- _Exercise requirements_
Full transcription, minus images: write out the listing below exactly as it appears.

- _Data block_
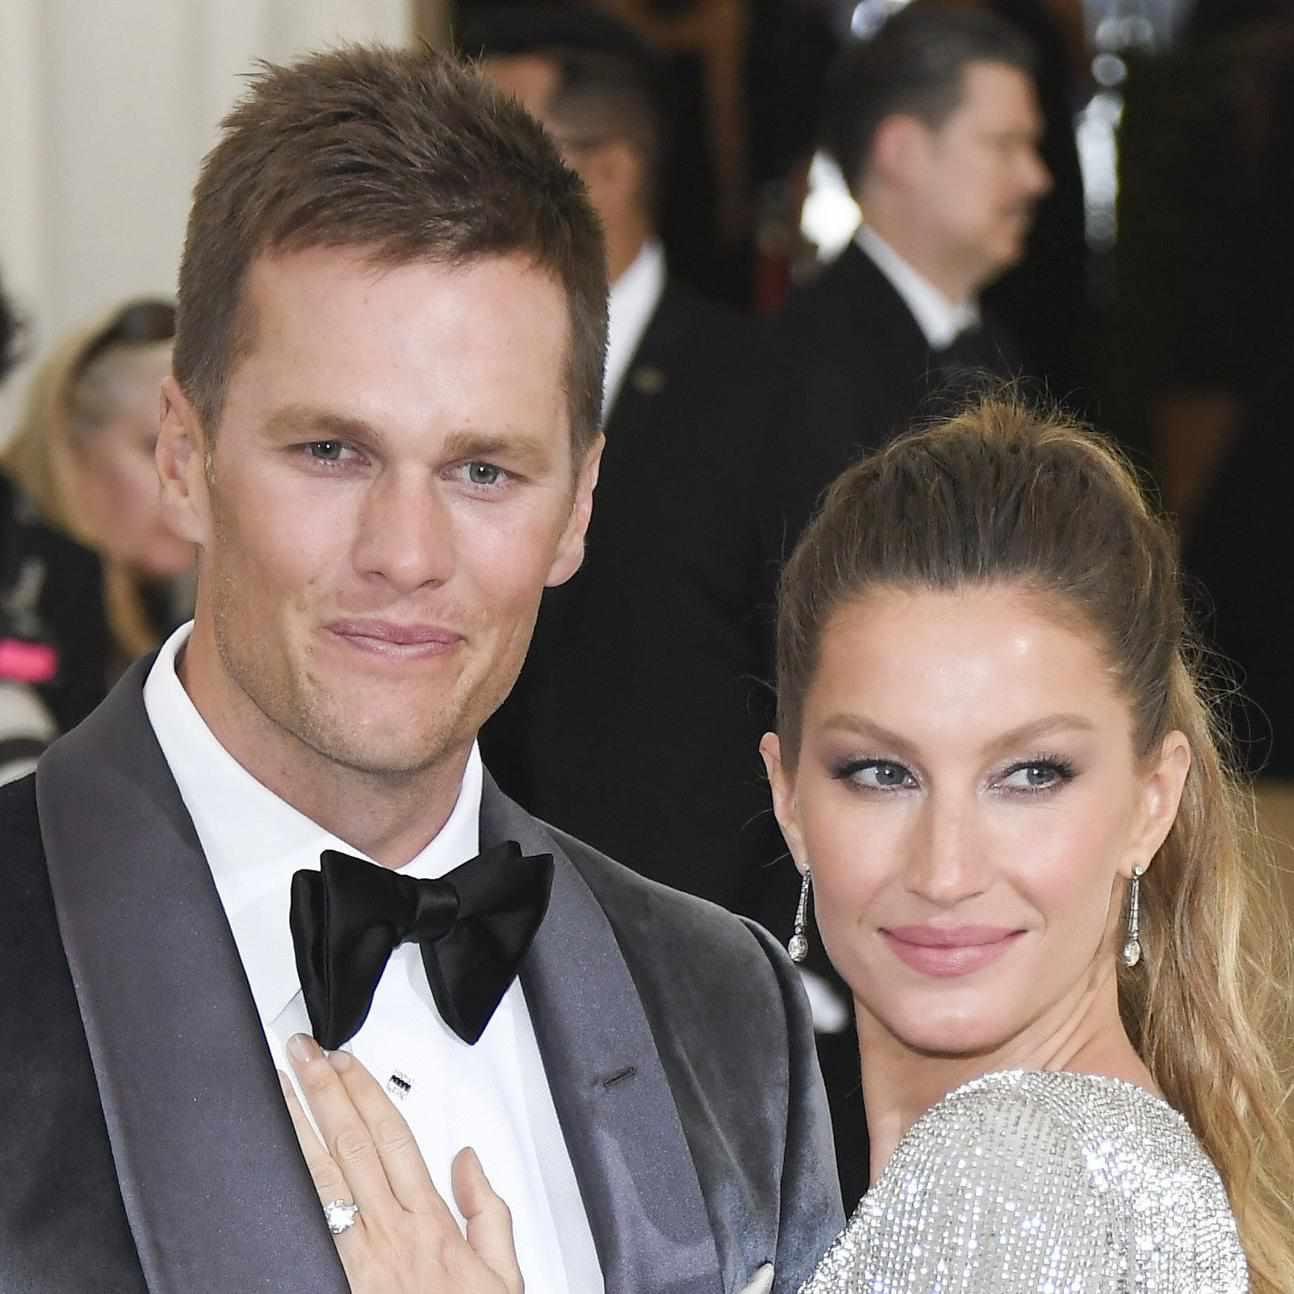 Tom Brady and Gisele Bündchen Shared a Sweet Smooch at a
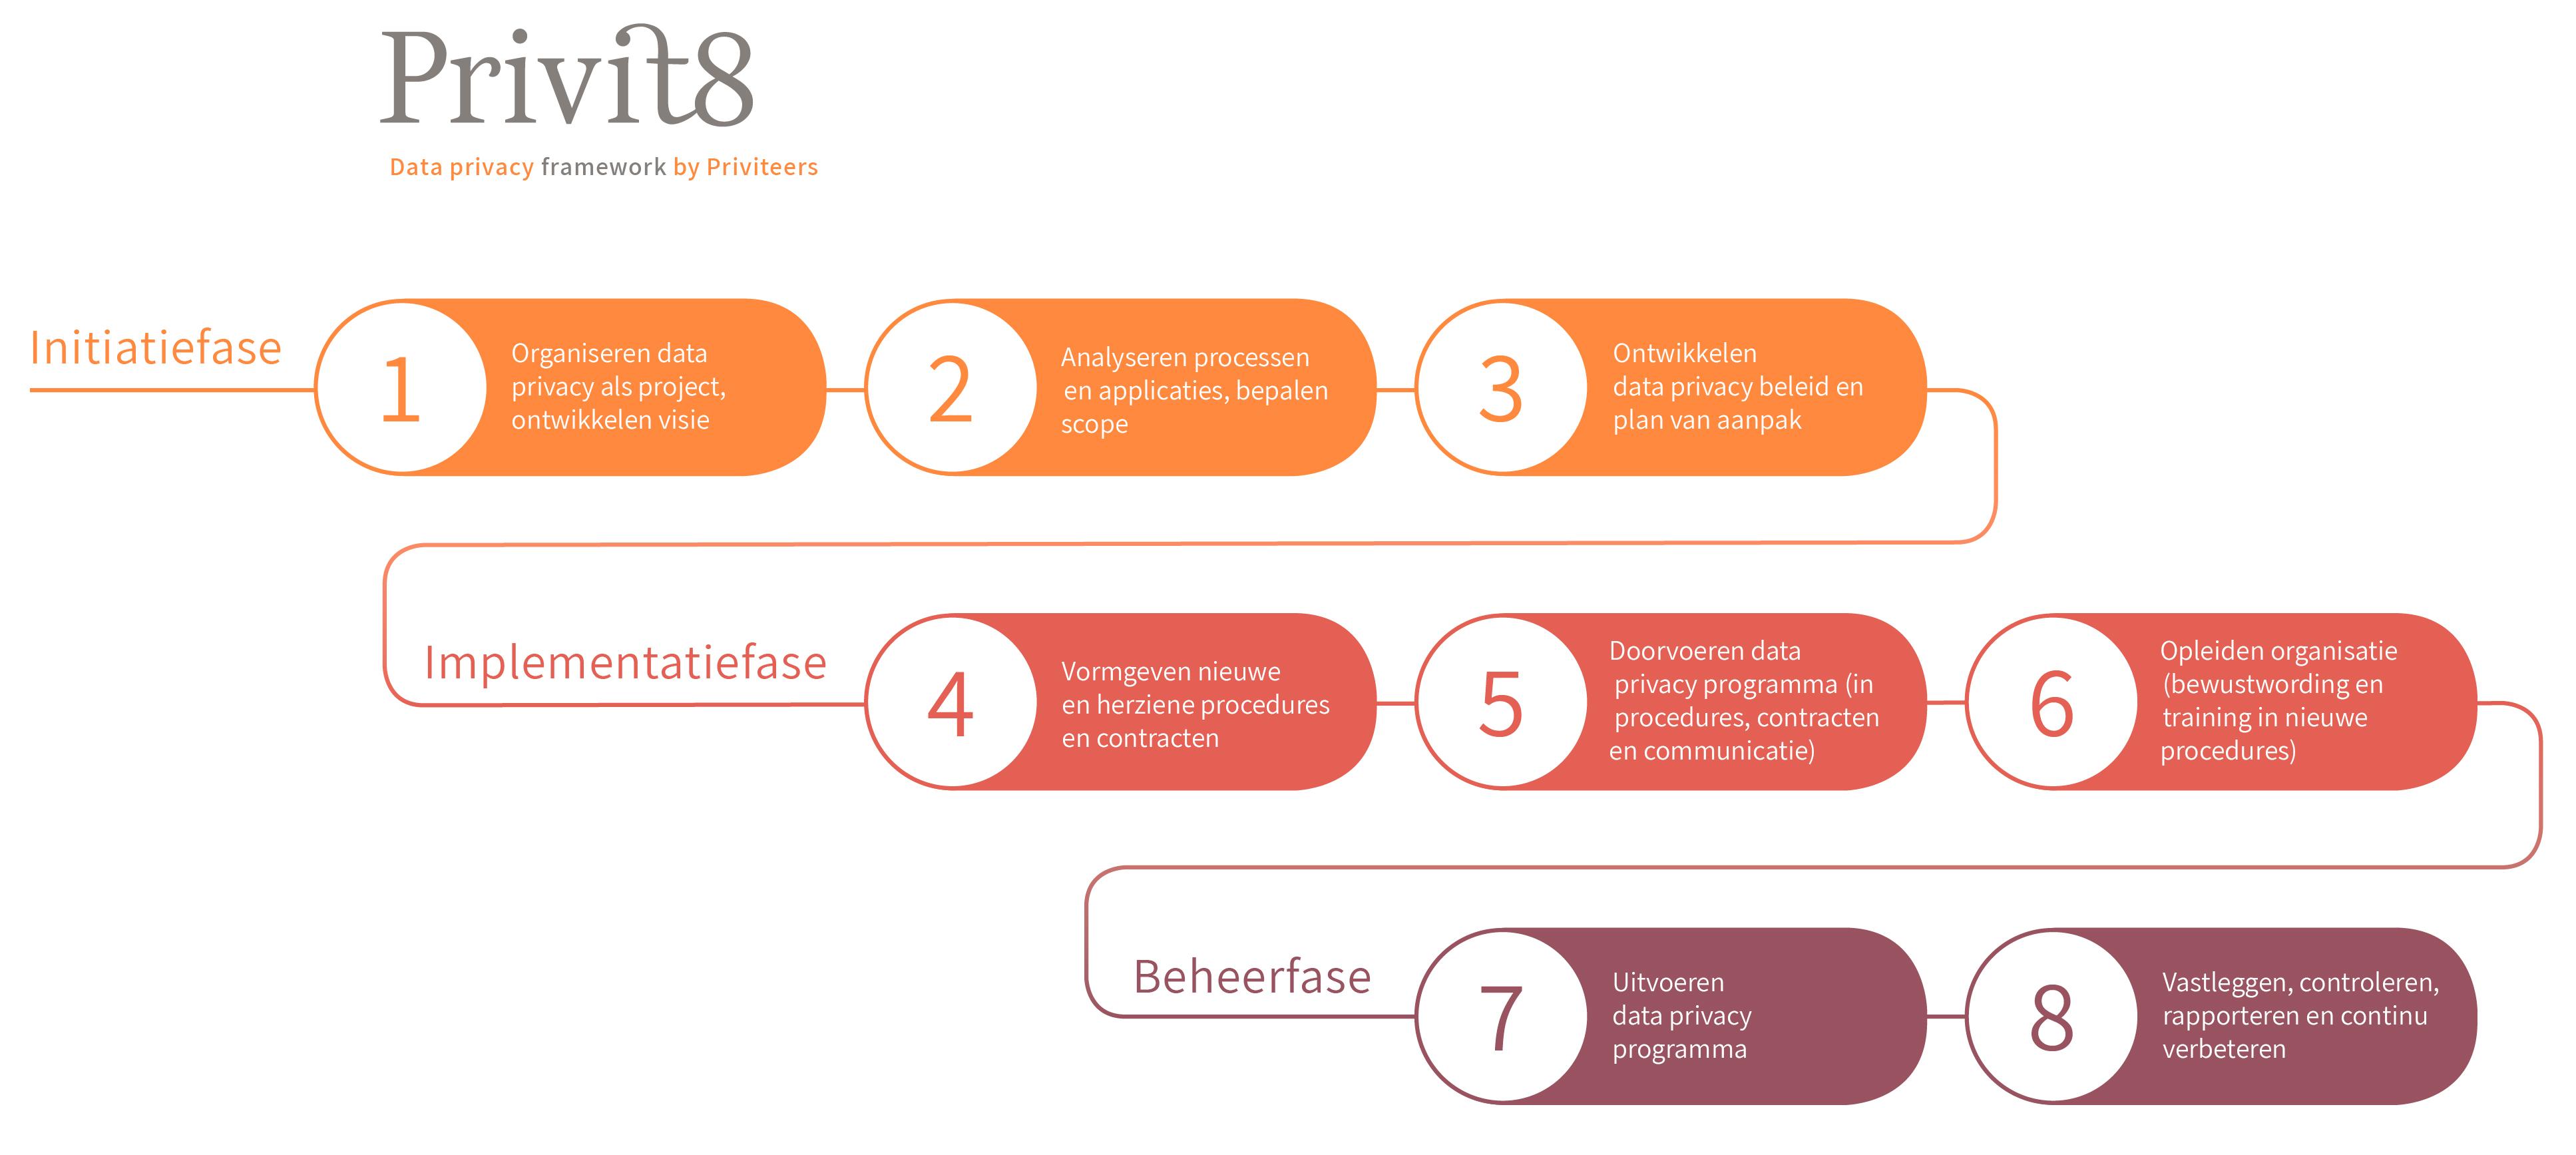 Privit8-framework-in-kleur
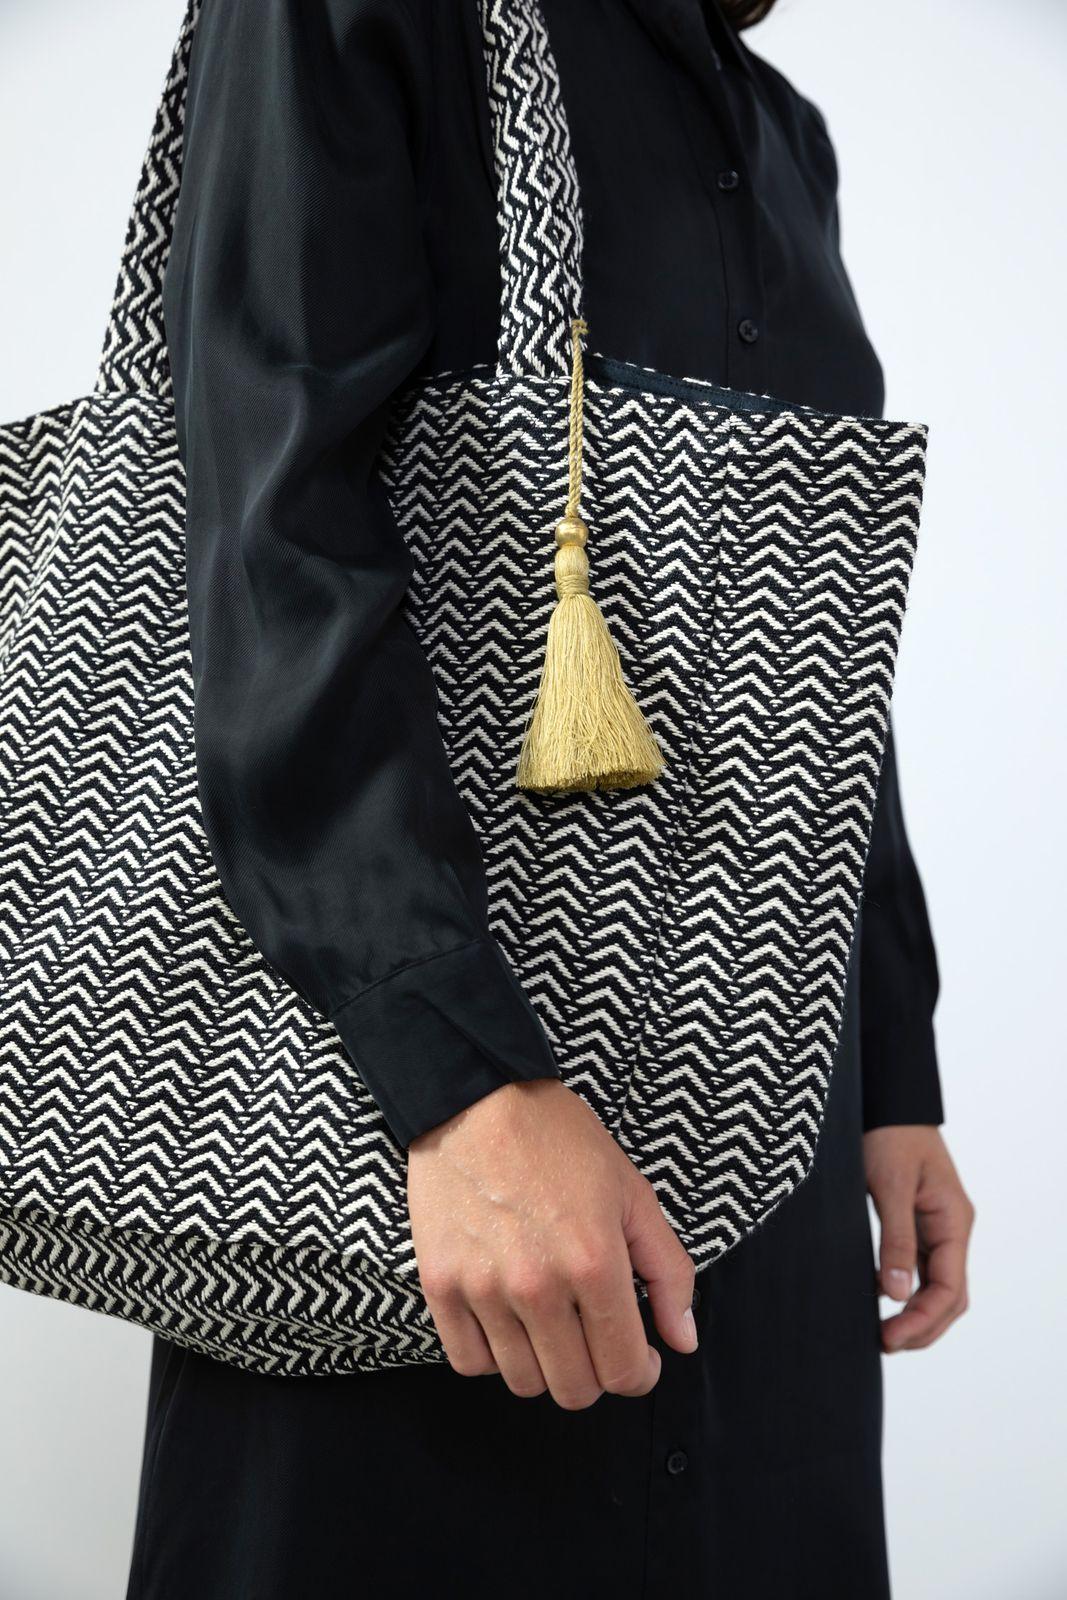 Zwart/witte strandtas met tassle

- _Solution_
 Tom Brady and Gisele Bündchen Shared a Sweet Smooch at a
 Privit8-framework-in-kleur
 Zwart/witte strandtas met tassle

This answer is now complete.